> PROBLEM STATEMENT:
From the line containing "Road Glide NEW" down to the line containing "A small and", copy out the entries below exactly, both lines included, and nothing else; pictures do not belong in the copy.

RECORDS FOR PROCESSING Block Start

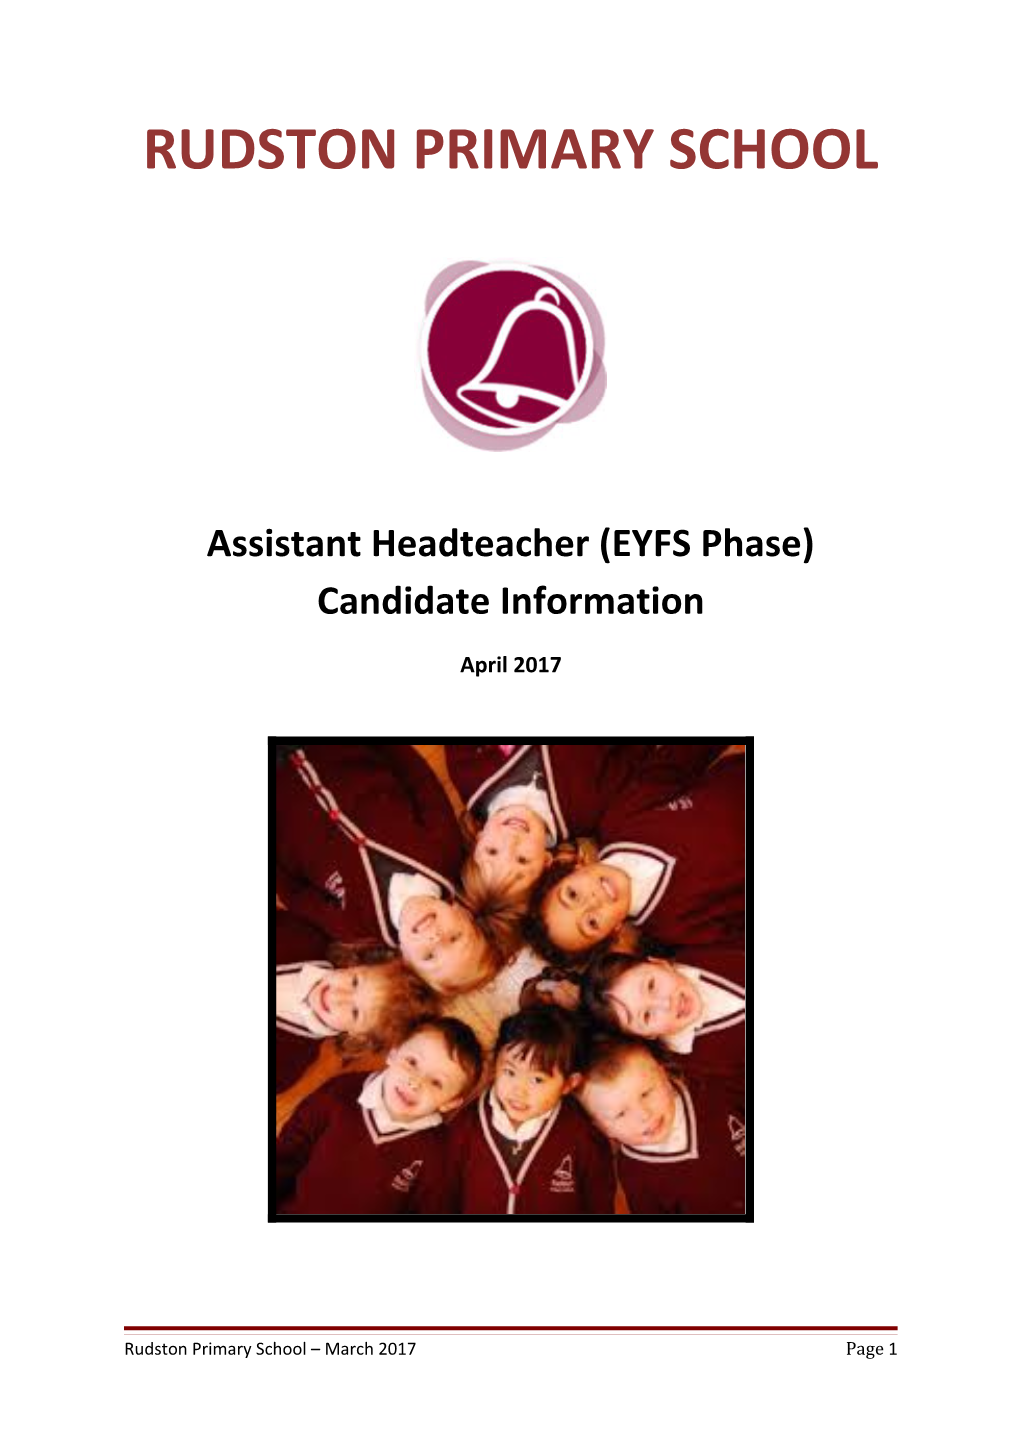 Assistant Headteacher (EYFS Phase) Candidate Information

RECORDS FOR PROCESSING Block End
RECORDS FOR PROCESSING Block Start

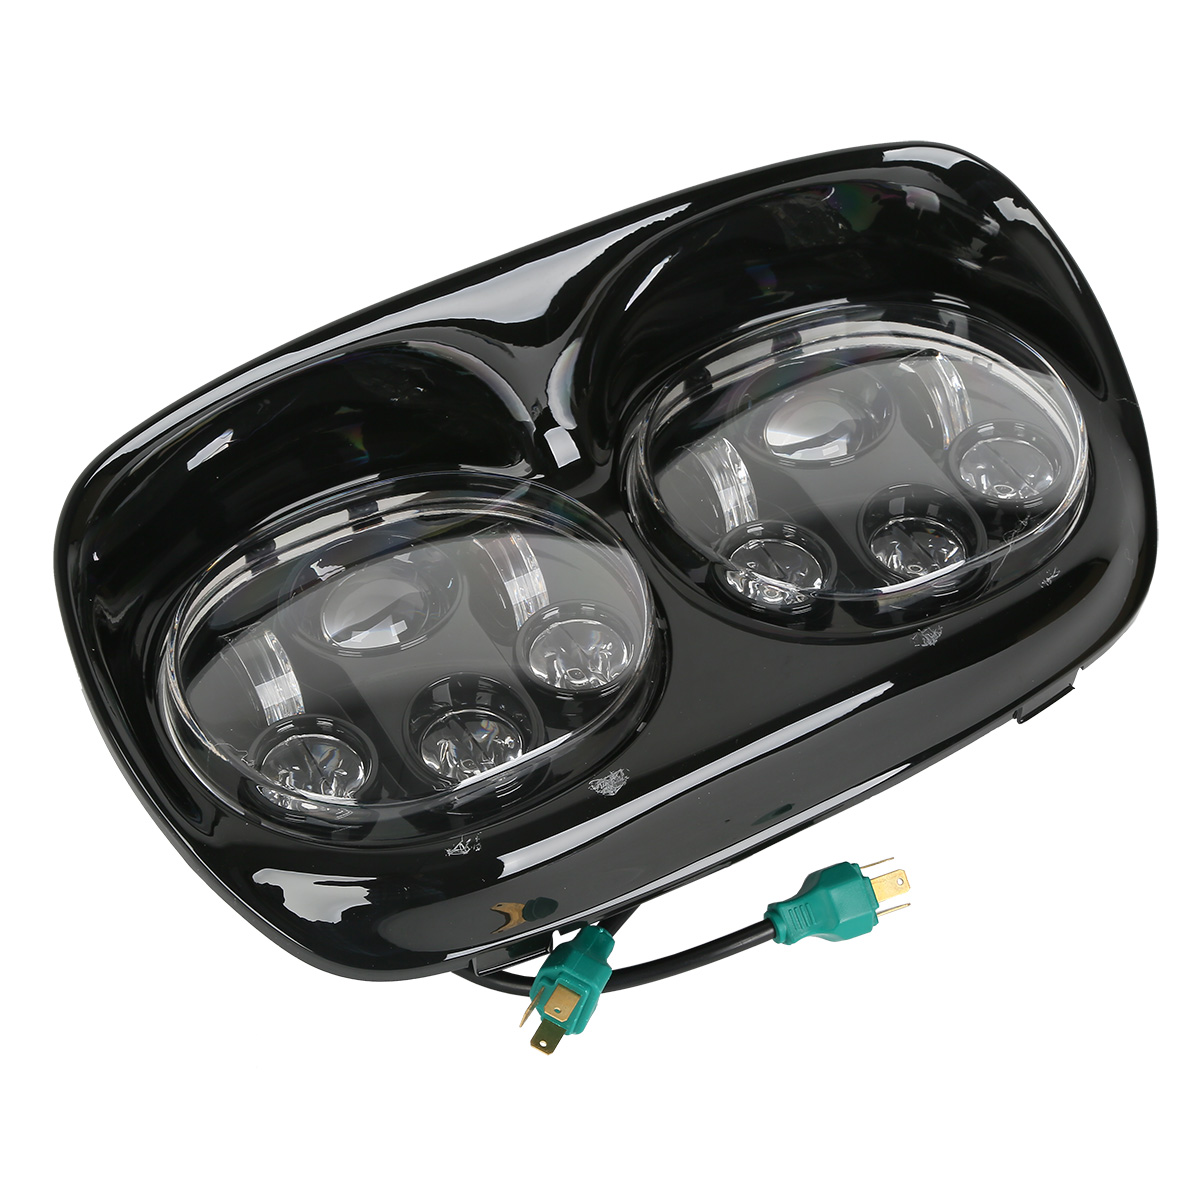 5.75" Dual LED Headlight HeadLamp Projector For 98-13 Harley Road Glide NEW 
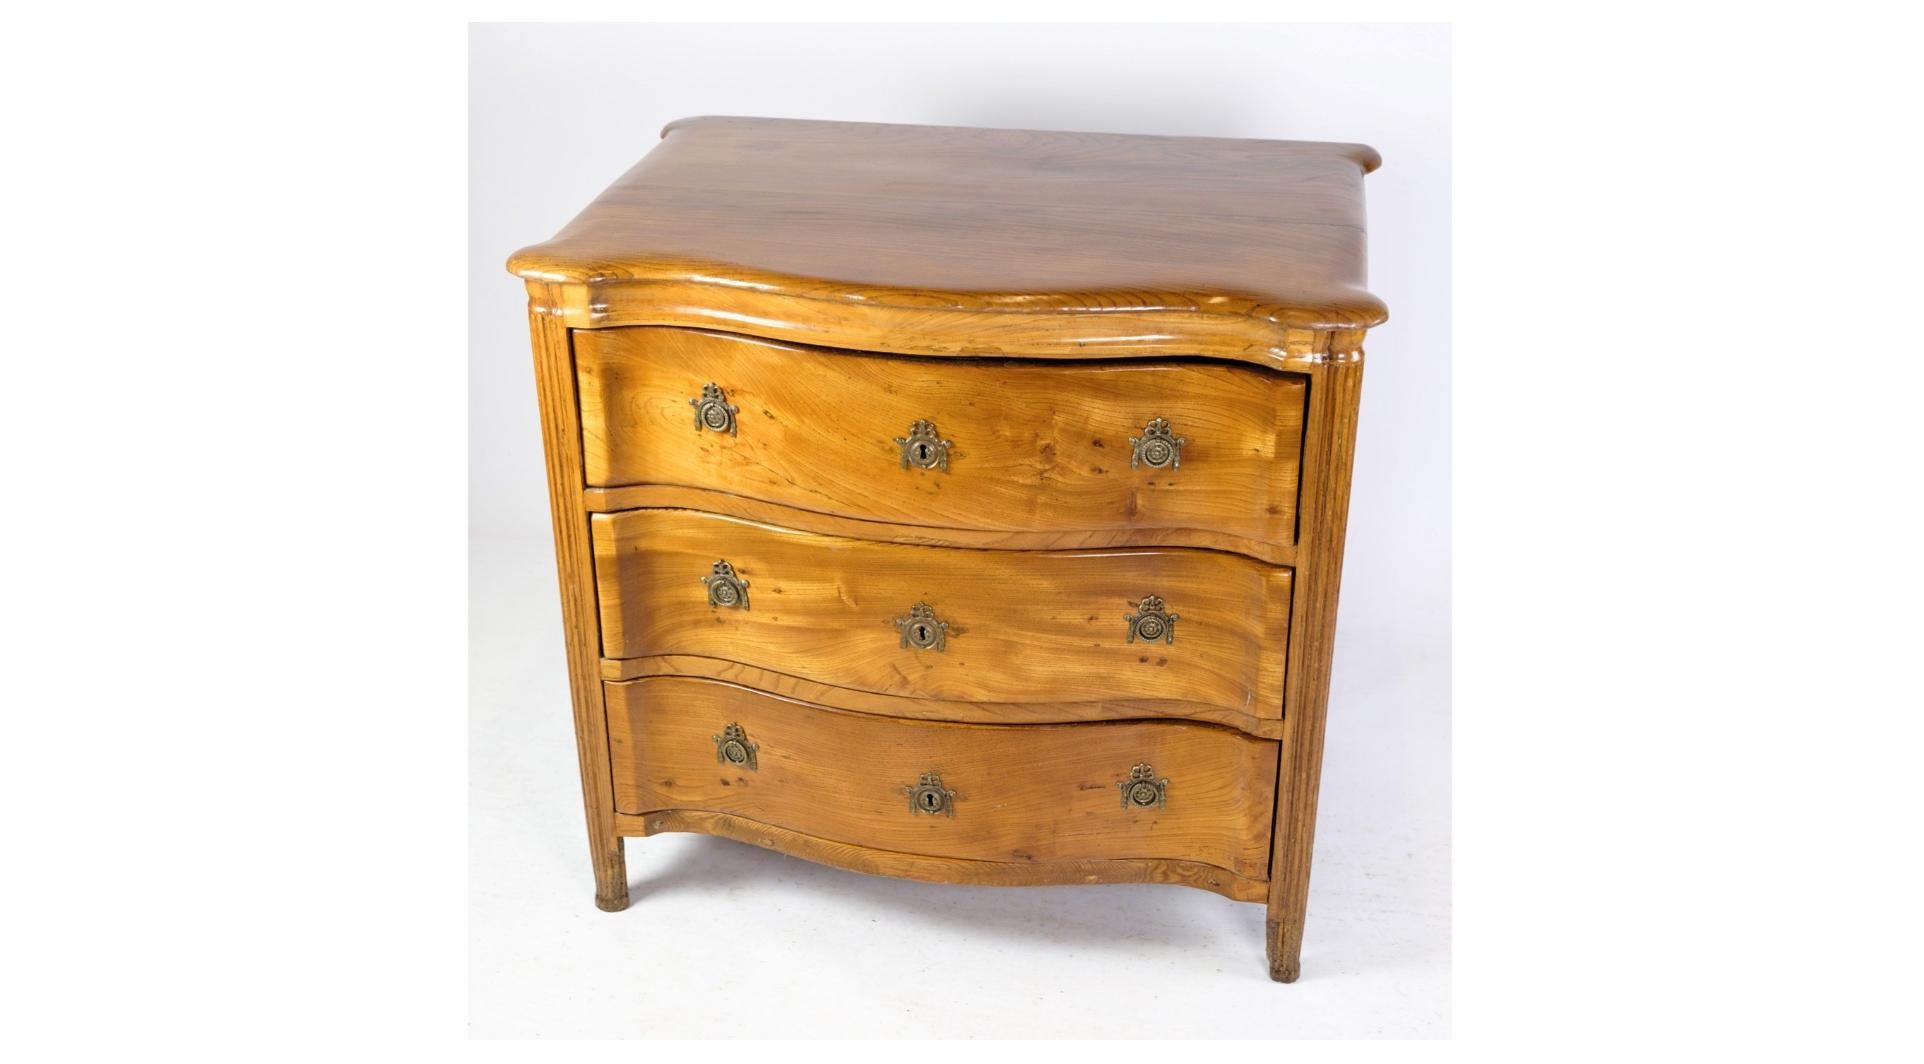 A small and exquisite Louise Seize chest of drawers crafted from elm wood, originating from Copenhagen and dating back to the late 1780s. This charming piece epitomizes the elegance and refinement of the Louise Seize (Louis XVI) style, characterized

RECORDS FOR PROCESSING Block End
RECORDS FOR PROCESSING Block Start

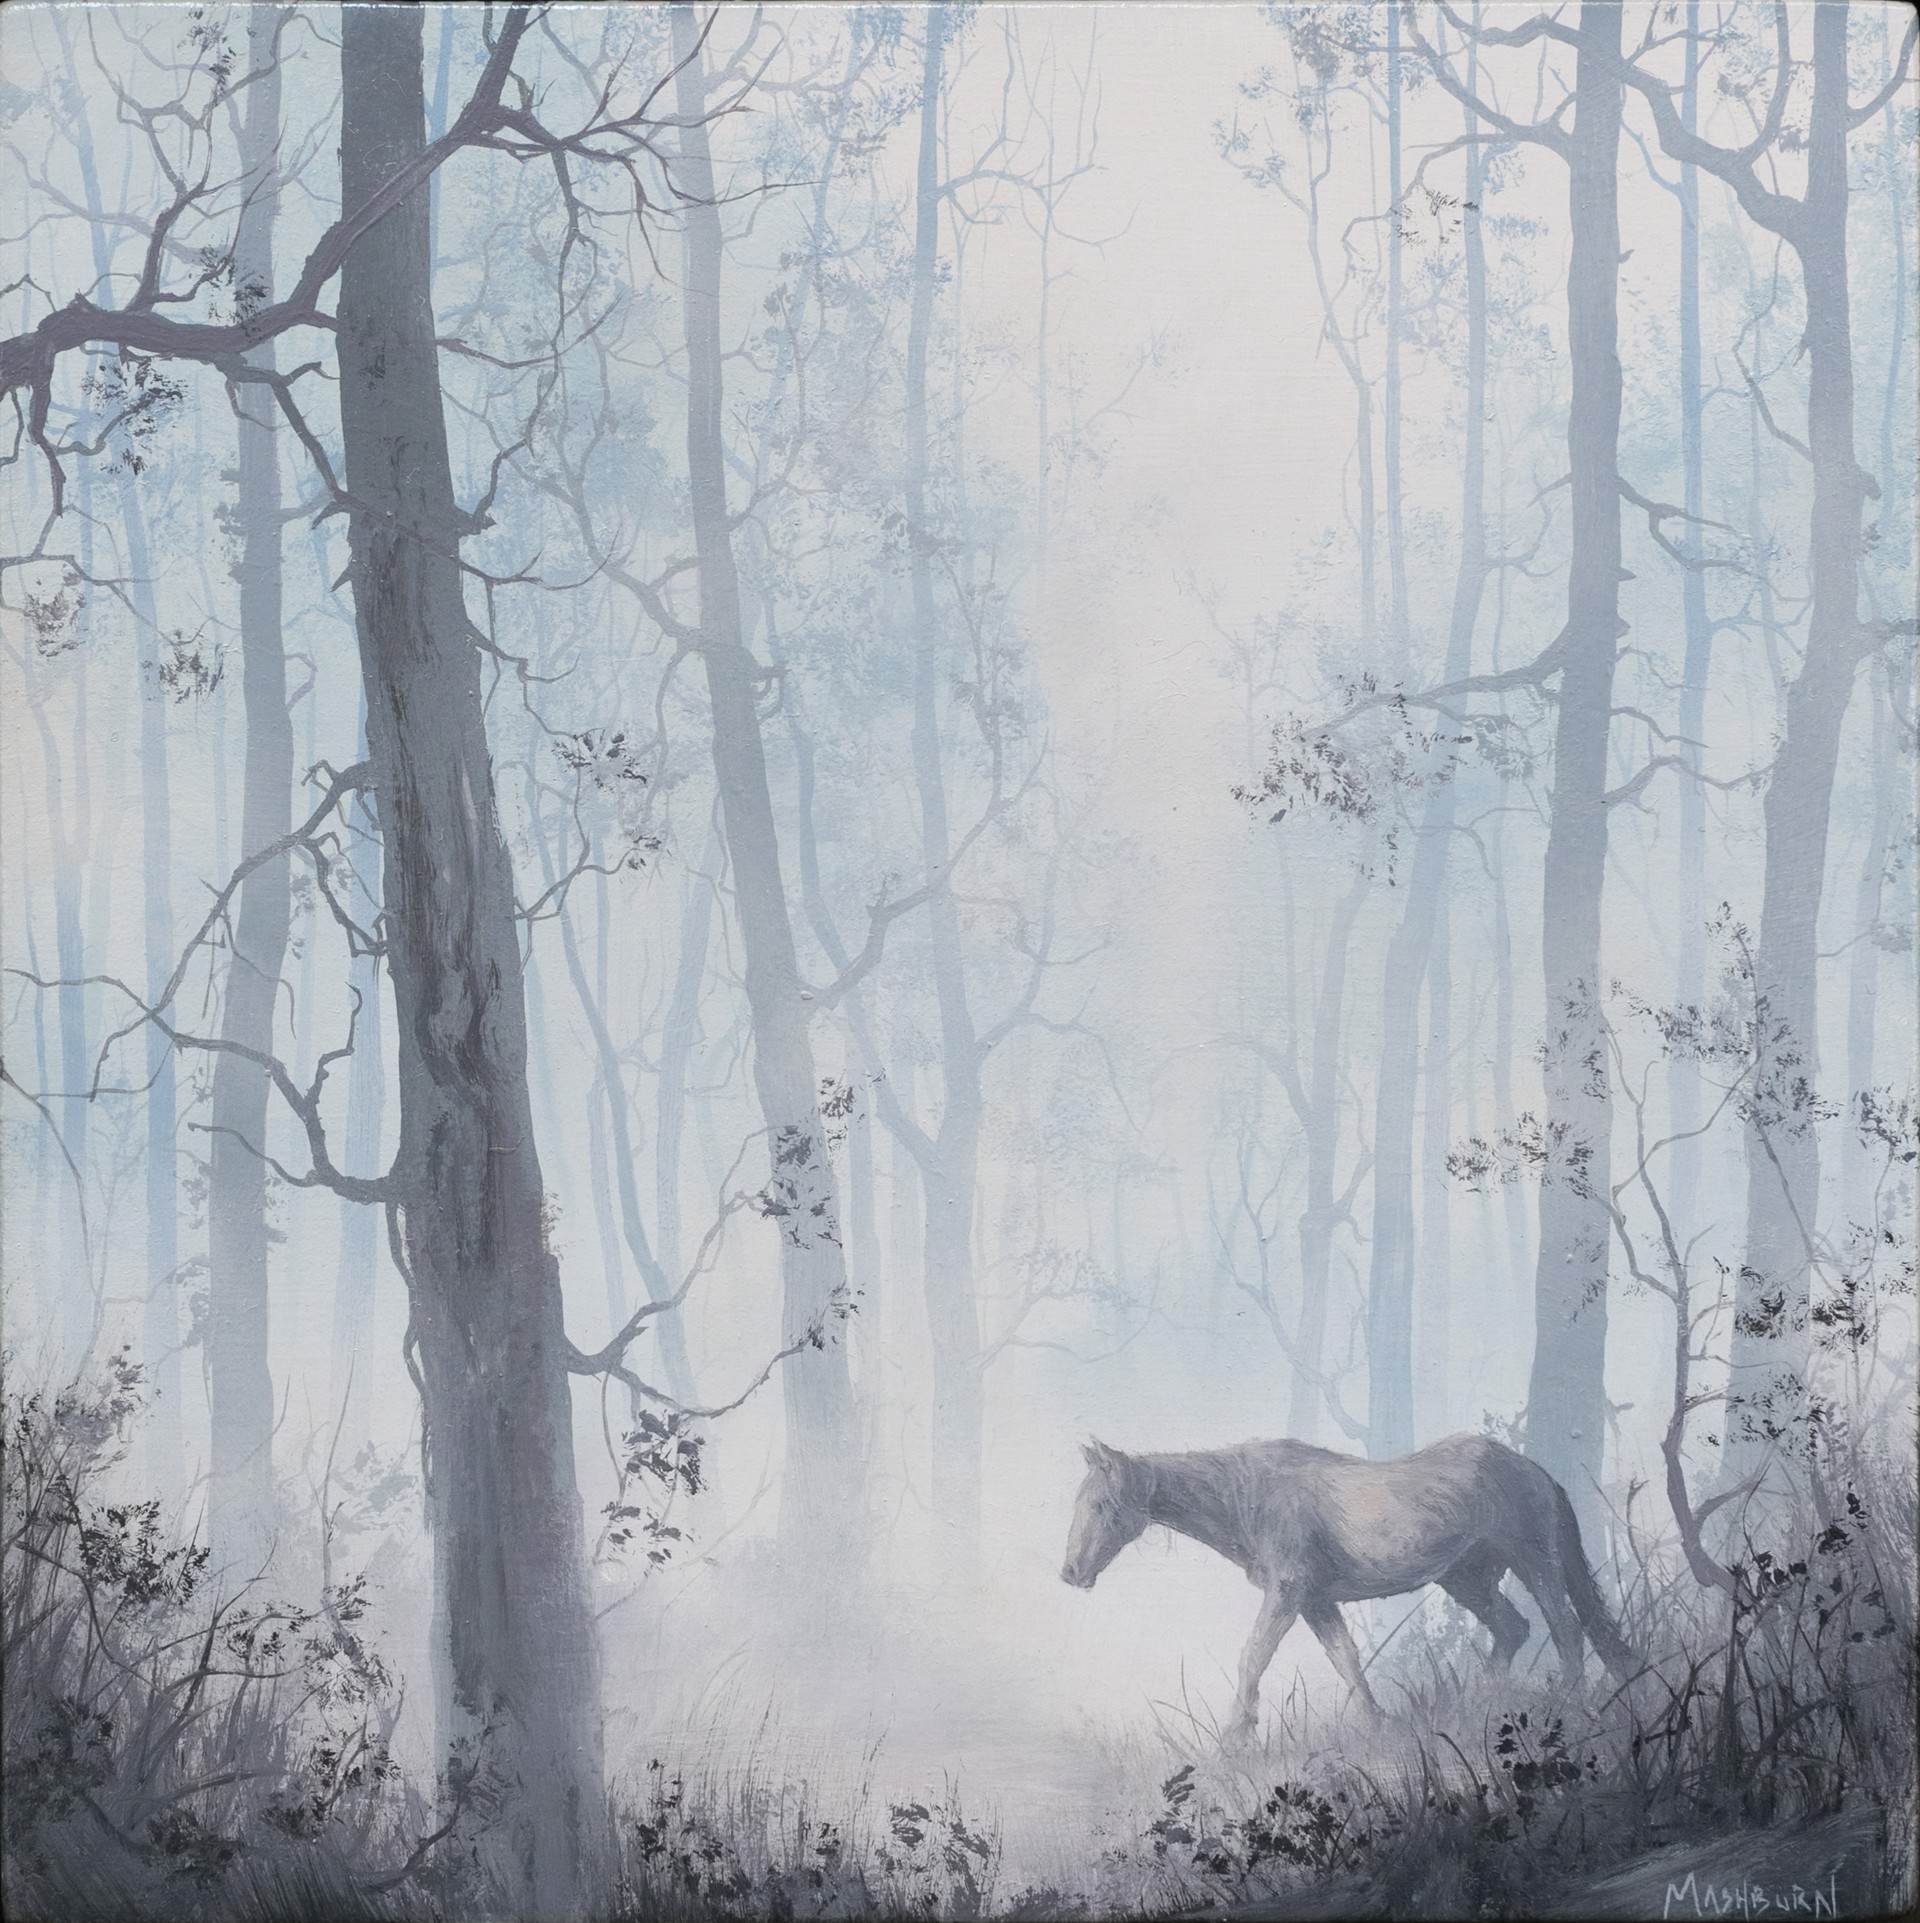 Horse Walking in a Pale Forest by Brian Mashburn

RECORDS FOR PROCESSING Block End

> ANSWER BOX:
 5.75" Dual LED Headlight HeadLamp Projector For 98-13 Harley Road Glide NEW 
 A small and exquisite Louise Seize chest of drawers crafted from elm wood, originating from Copenhagen and dating back to the late 1780s. This charming piece epitomizes the elegance and refinement of the Louise Seize (Louis XVI) style, characterized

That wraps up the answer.